Now, support, confidence and lift levels can be inspected for a better understanding and visualization.
inspect(sort(rules, by = "support"), linebreak = FALSE, decreasing=TRUE)
## lhs rhs support confidence coverage lift
## [1] {other vegetables} => {whole milk} 0.1913802 0.5081744 0.3766034 1.109106
## [2] {rolls/buns} => {whole milk} 0.1785531 0.5106383 0.3496665 1.114484
## [3] {yogurt} => {whole milk} 0.1505900 0.5321850 0.2829656 1.161510
## [4] {bottled water} => {whole milk} 0.1123653 0.5258103 0.2136993 1.147597
## [5] {sausage} => {whole milk} 0.1069779 0.5193026 0.2060031 1.133394
## count
## [1] 746
## [2] 696
## [3] 587
## [4] 438
## [5] 417
inspect(sort(rules, by = "confidence"), linebreak = FALSE, decreasing=TRUE)
## lhs rhs support confidence coverage lift
## [1] {yogurt} => {whole milk} 0.1505900 0.5321850 0.2829656 1.161510
## [2] {bottled water} => {whole milk} 0.1123653 0.5258103 0.2136993 1.147597
## [3] {sausage} => {whole milk} 0.1069779 0.5193026 0.2060031 1.133394
## [4] {rolls/buns} => {whole milk} 0.1785531 0.5106383 0.3496665 1.114484
## [5] {other vegetables} => {whole milk} 0.1913802 0.5081744 0.3766034 1.109106
## count
## [1] 587
## [2] 438
## [3] 417
## [4] 696
## [5] 746
inspect(sort(rules, by = "lift"), linebreak = FALSE, decreasing=TRUE)

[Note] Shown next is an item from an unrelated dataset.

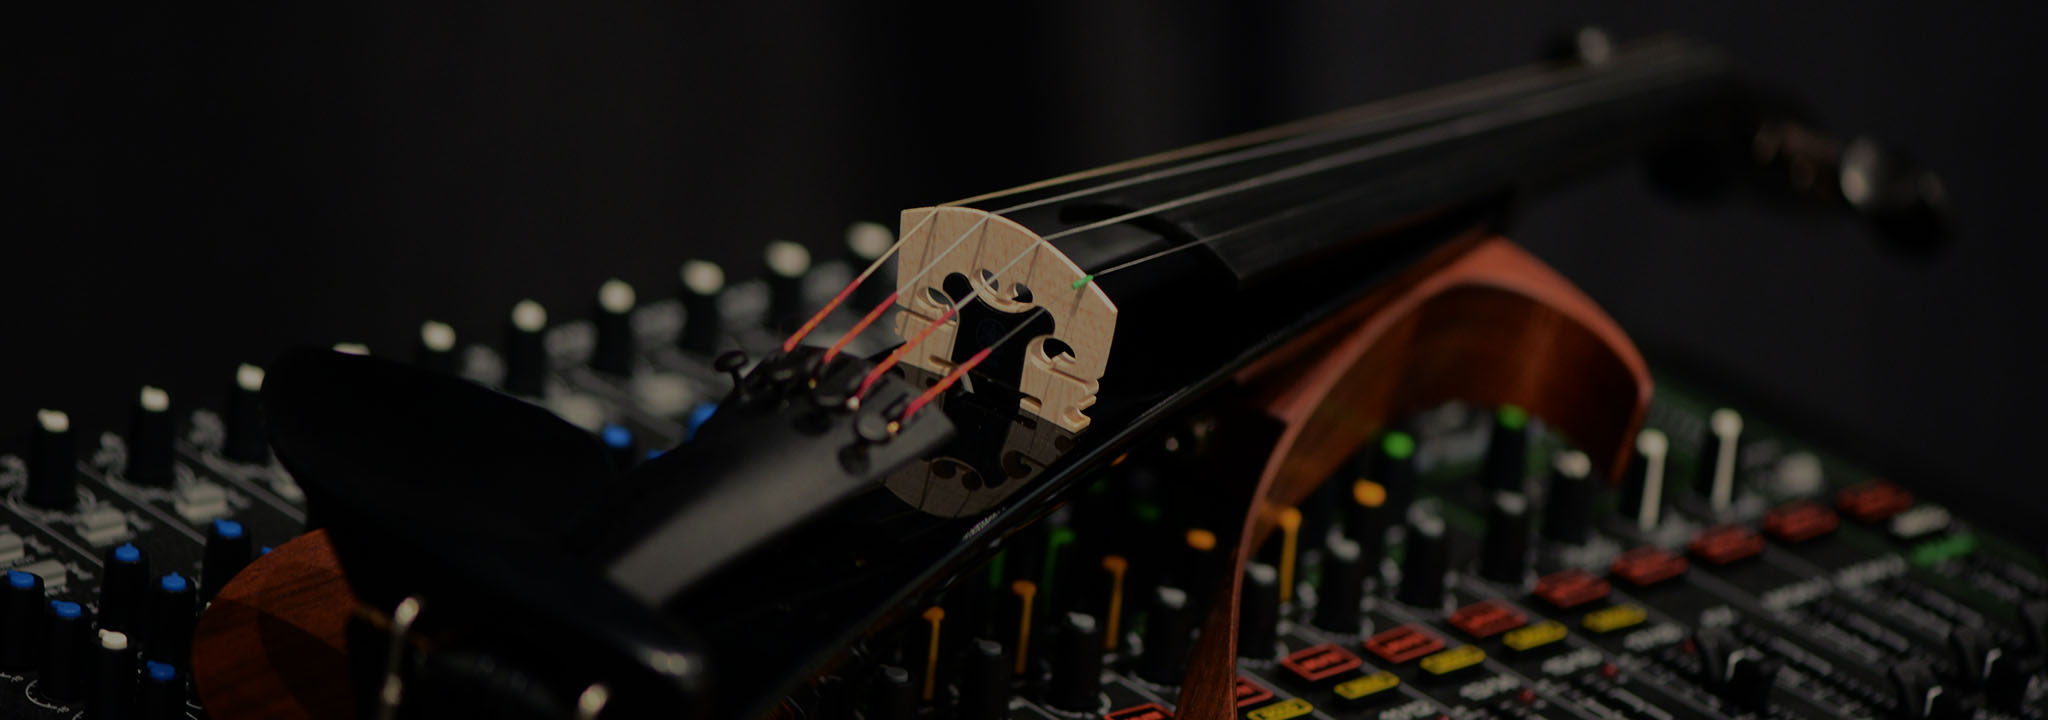 Close up photo of a Yamaha YEV Electric violin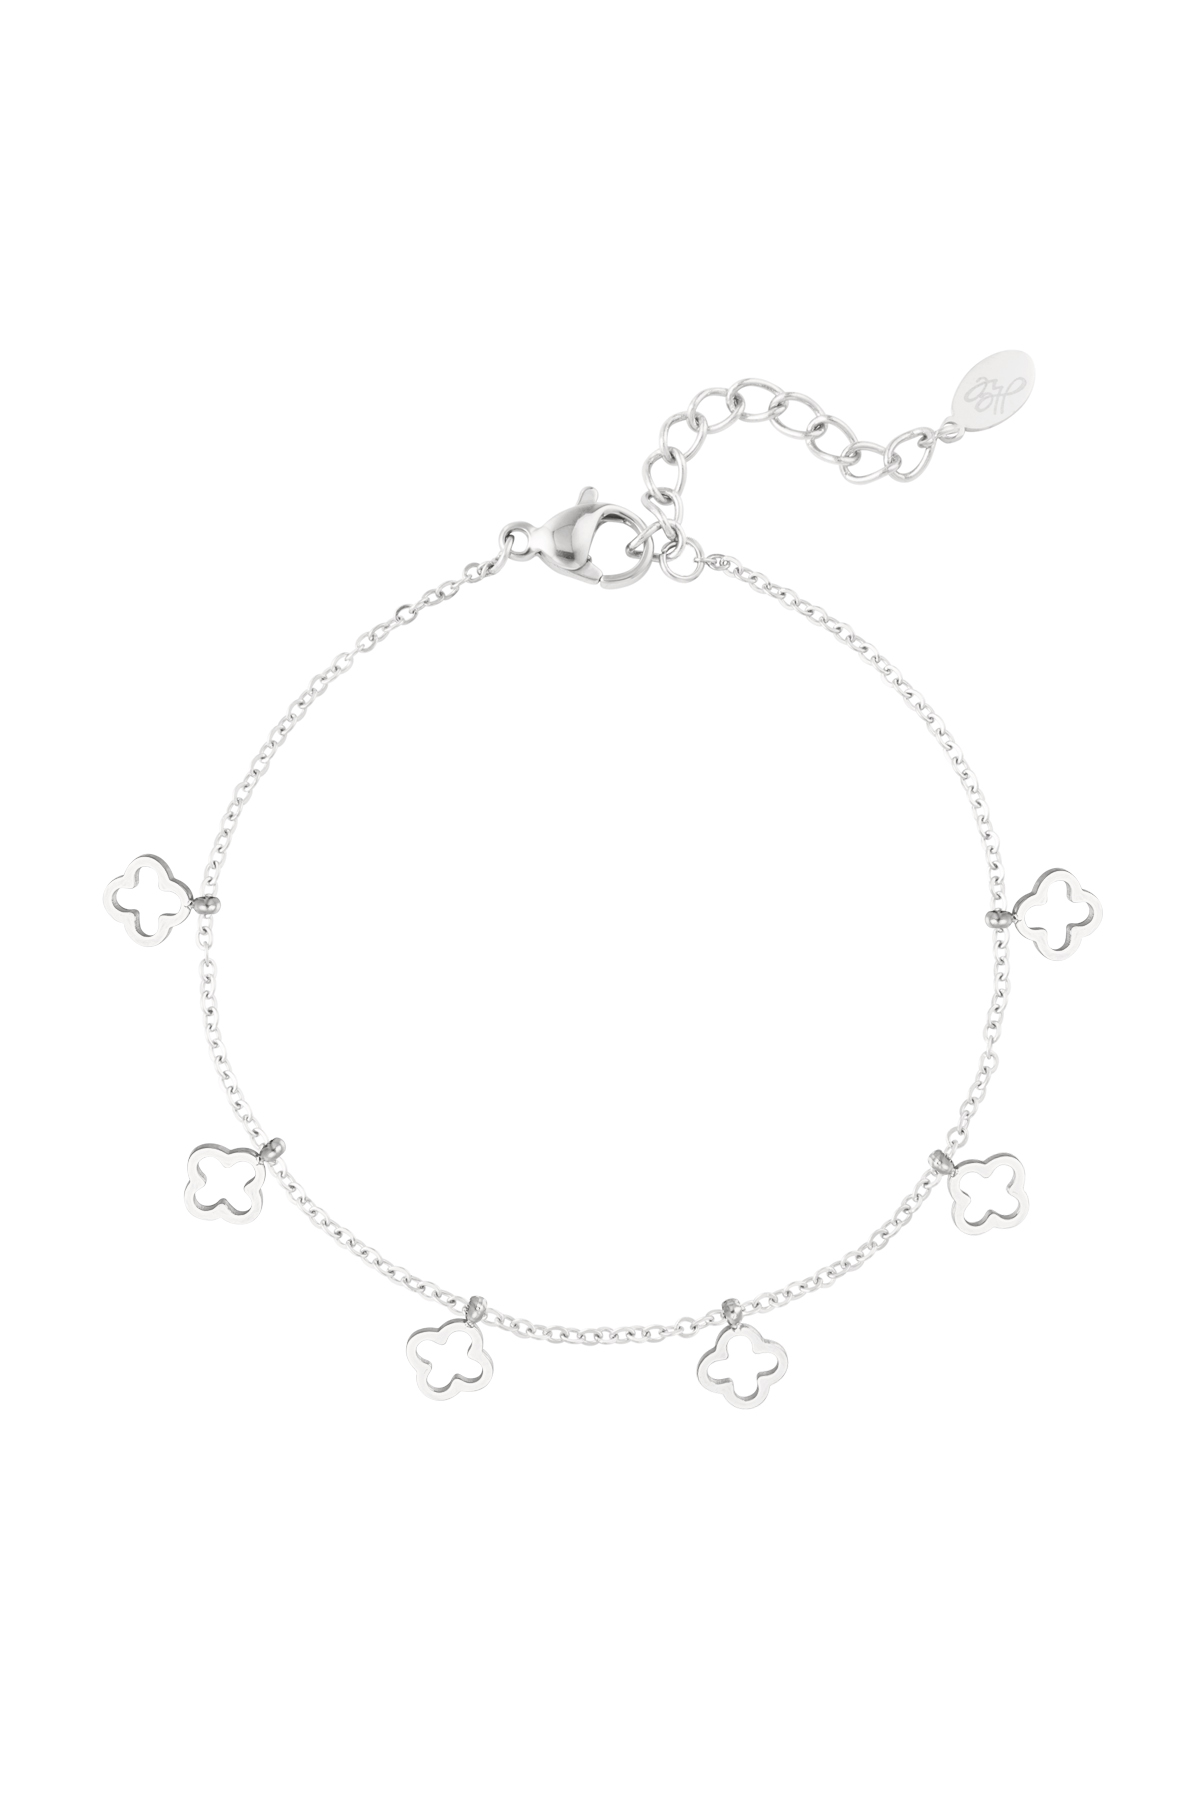 Bracelet 6 clovers - silver

## lhs rhs support confidence coverage lift
## [1] {yogurt} => {whole milk} 0.1505900 0.5321850 0.2829656 1.161510
## [2] {bottled water} => {whole milk} 0.1123653 0.5258103 0.2136993 1.147597
## [3] {sausage} => {whole milk} 0.1069779 0.5193026 0.2060031 1.133394
## [4] {rolls/buns} => {whole milk} 0.1785531 0.5106383 0.3496665 1.114484
## [5] {other vegetables} => {whole milk} 0.1913802 0.5081744 0.3766034 1.109106
## count
## [1] 587
## [2] 438
## [3] 417
## [4] 696
## [5] 746
plot(rules, method="paracoord", control=list(reorder=TRUE))
This plot shows that yogurt has more link to the whole milk, as people when buying yogurt will most likely buy whole milk too.
rules_yogurt<-apriori(data=transactions, parameter=list(supp=0.01,conf = 0.005, minlen=2), appearance=list(default="rhs", lhs="yogurt"), control=list(verbose=F))
rules_yogurt_byconf<-sort(rules_yogurt, by="confidence", decreasing=TRUE)
inspect((rules_yogurt_byconf)[1:2], linebreak = FALSE)
## lhs rhs support confidence coverage lift count
## [1] {yogurt} => {whole milk} 0.1505900 0.532185 0.2829656 1.16151 587
## [2] {yogurt} => {other vegetables} 0.1203181 0.425204 0.2829656 1.12905 469
This means that people who buy yogurt, will most likely buy other vegetables too as their second choice (whole milk is obviously the best choice).
rules_whole_milk<-apriori(data=transactions, parameter=list(supp=0.01,conf = 0.005, minlen=2), appearance=list(default="rhs", lhs="whole milk"), control=list(verbose=F))
rules_whole_milk_byconf<-sort(rules_whole_milk, by="confidence", decreasing=TRUE)
inspect((rules_whole_milk_byconf)[1:2], linebreak = FALSE)
## lhs rhs support confidence coverage lift
## [1] {whole milk} => {other vegetables} 0.1913802 0.4176932 0.4581837 1.109106
## [2] {whole milk} => {rolls/buns} 0.1785531 0.3896976 0.4581837 1.114484
## count
## [1] 746
## [2] 696
People who buy whole milk, there is a high possibility that they will buy other vegetables too.
The analysis provided insights into customer purchasing grocery patterns through the method called association rules. It was proved through the visualisation of graphs and other techniques of the apriori algorithm that the most popular choice is whole milk. It dominated all 5 rules. The methods used in this project can be used in other datasets too.